ИМ: Даже в тех местах, где, казалось бы, должна возникнуть эмпатия, вы как будто нарочно ее снижаете и опосредуете.

КК: Истории о себе я рассказываю по двум причинам. Первая: я продукт определенного исторического времени. По образованию и по призванию я историк, не писатель. Мне интересно, как историческое время преломляется в судьбах разных людей, как эти судьбы странным образом переплетаются. Вторая причина проще: иногда со мной действительно происходили забавные и интересные истории, и мне хочется ими поделиться. Если бы такие истории происходили с другими людьми, я писал бы о них. Но у меня очень ограниченный круг общения, я мало знаю людей, а те, кого знаю, в основном живут тихо и спокойно, с ними на биографическом уровне ничего особенного не происходит. Поэтому приходится рассказывать о себе: я просто лучше себя знаю.
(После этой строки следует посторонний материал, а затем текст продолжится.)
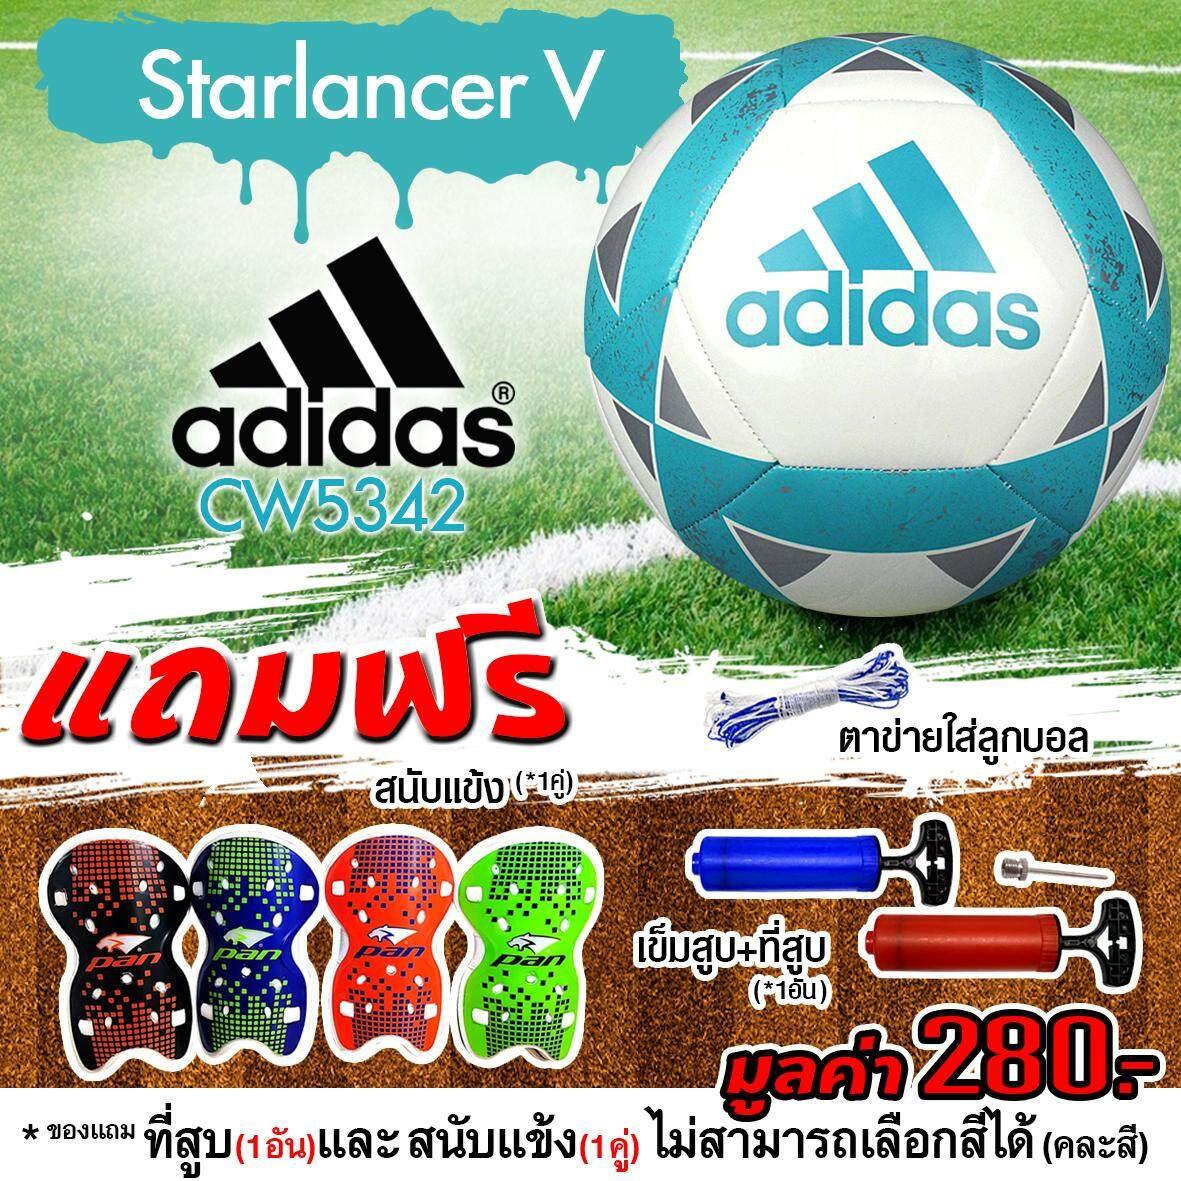 การใช้งาน  นครสวรรค์ Adidas ฟุตบอล หนัง อดิดาส Football Starlancer V CW5342 (500) แถมฟรี ตาข่ายใส่ลูกฟุตบอล + เข็มสูบสูบลม + สูบมือ HP-04 + สนับแข้ง Shin Guard Pan PSS025(280)

Андрей Гелианов: Во вступлении к «Амплифаеру» вы пишете об эссе как о способе письма, литературного и культурного мышления, слабо развитом в русской культуре. Я в своей жизни прочел очень много музыкальной критики, и что-то похожее на эссе смутно припоминается разве что у Андрея Горохова в «Музпросвете» и у Андрея Бухарина в Rolling Stone. Что, с вашей точки зрения, представляет собой эссе как способ письма и восприятия и чем оно отличается от музыкальной критики?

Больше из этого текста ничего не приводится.